There is a real danger that whenever we pray for something, God will actually give it to us. For over a year now, I have prayed for God to make me more humble, to strip me of the pride I take in my own natural ability. I have always been quite satisfied with my own natural virtues. Although I have always been aware that even the natural virtues can be considered gifts from God, I have always had trouble considering them as such. After all, we can cultivate the natural virtues on our own power. The harder we work, the more we grow in virtue.

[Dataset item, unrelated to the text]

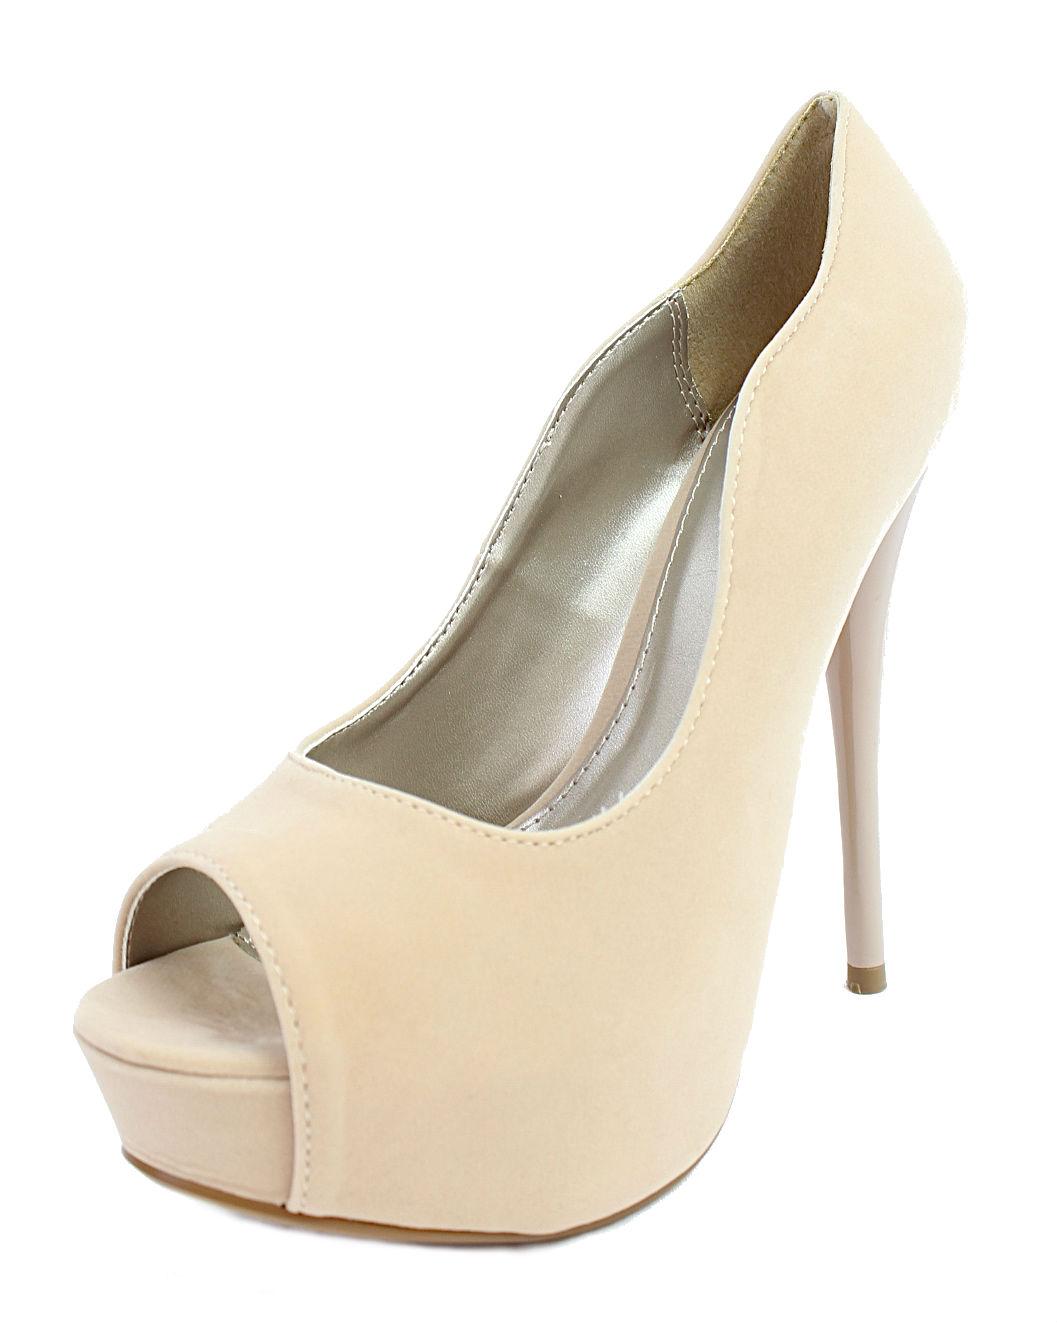 Qupid Neutral-35 Nude Velvet Platform High heels open toe Pumps-706
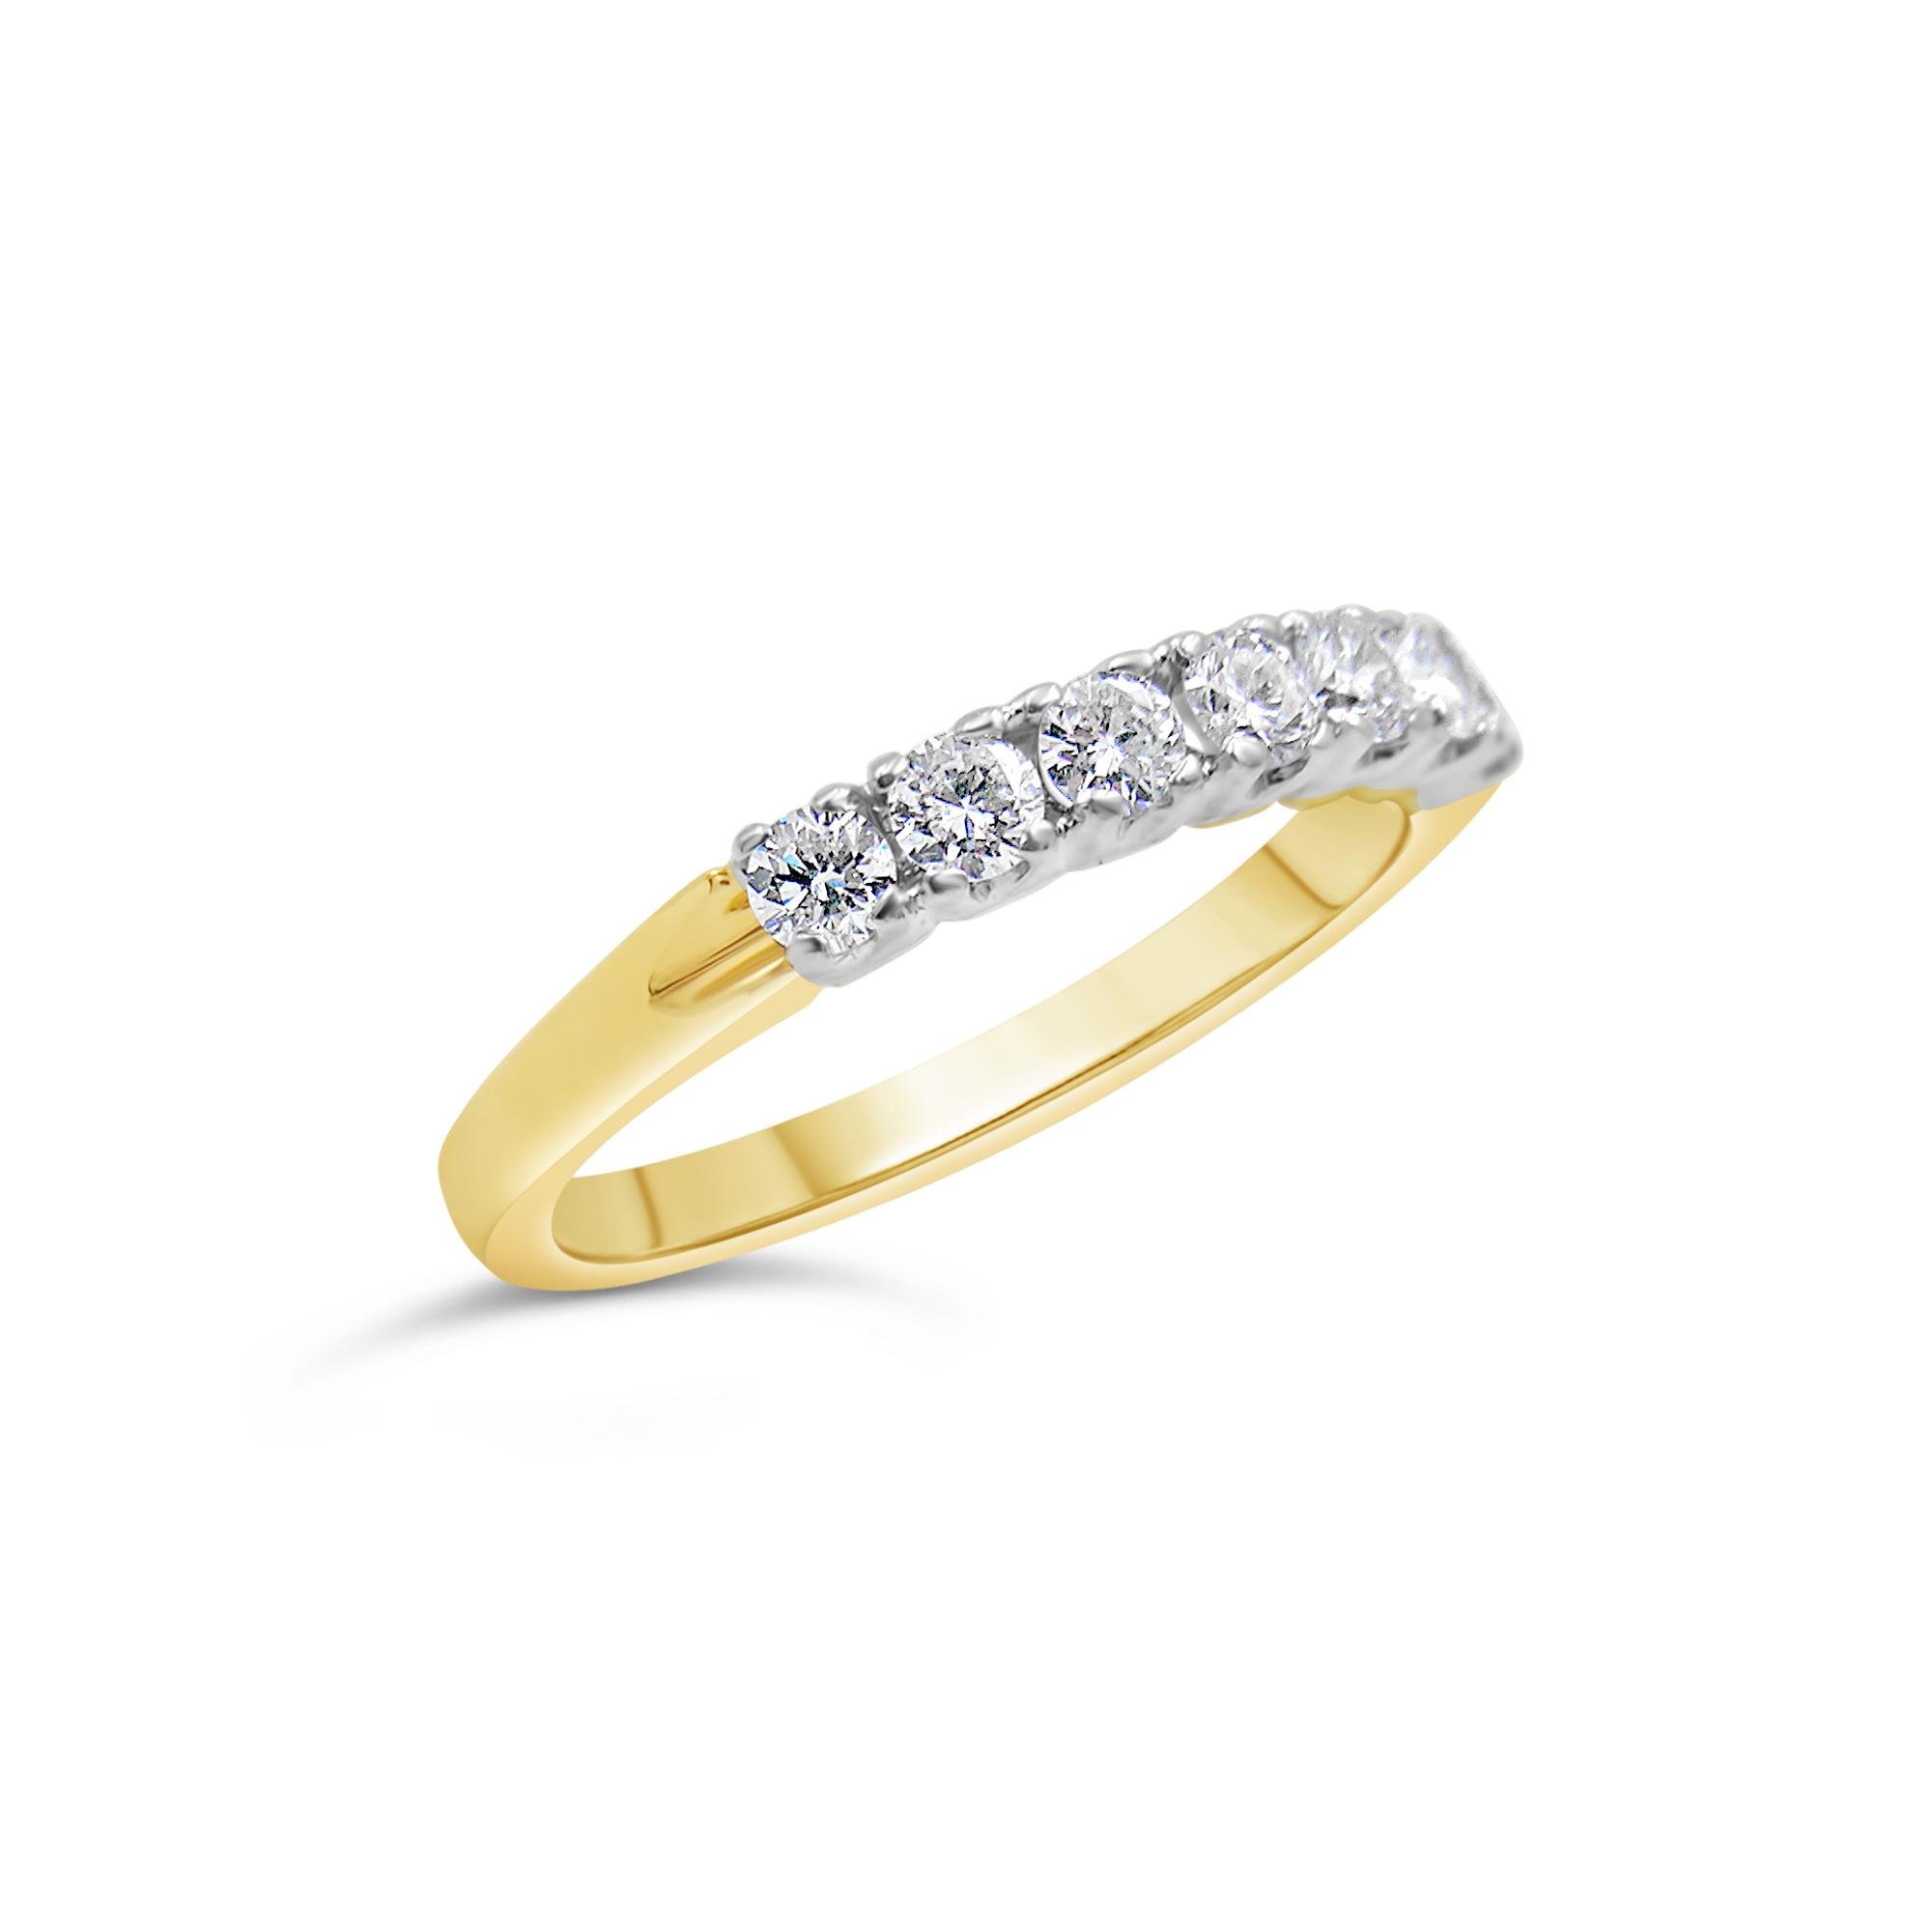 18k yellow & white gold ring with 0.60 ct diamonds

Despite the wisdom of the philosophers, I think there is a sense in which the natural virtues are a stumbling block to grace. The natural virtues are “fair”: if we just act in the right way, we can obtain them no matter what our status in life, no matter what our histories are like. Grace does not work that way.
I am reminded of Matthew 20, 1-15, the parable where the generous vineyard-owner gives the same wages to those who worked the whole day and those who started work at dusk. How can God give the same wage to each one of us? The answer is that grace has nothing to do with fairness, but everything to do with mercy. No one deserves grace, but God gives it anyway. No one can achieve grace through his good works, but only in cooperation with grace can he do good works.
The problem with naturally virtuous people is that it is difficult for them to relate to the idea of being completely at another person’s mercy. Their natural virtue blinds them to the fact that they are actually helpless before God. I was sent to Washington DC to study philosophy because I was one of the guys that could handle it, one of the guys that could do the things that others can’t do. But in the last month, I have spent more time on my knees begging for the clemency of others than I have at any other time in my life. I have begged for those things that I felt entitled to or that I took for granted.
But isn’t that the purpose of the Gospel? That those who are the worst off are those in most need of a savior? How much happier will those people be when God gives them every good gift. But until that time, we must accept the lessons he gives us, hard lessons about suffering and self-denial.
Maybe I’ll take comfort in knowing that Job had it much worse than I do. The Lord giveth, and the Lord taketh away. Blessed be the name of the Lord.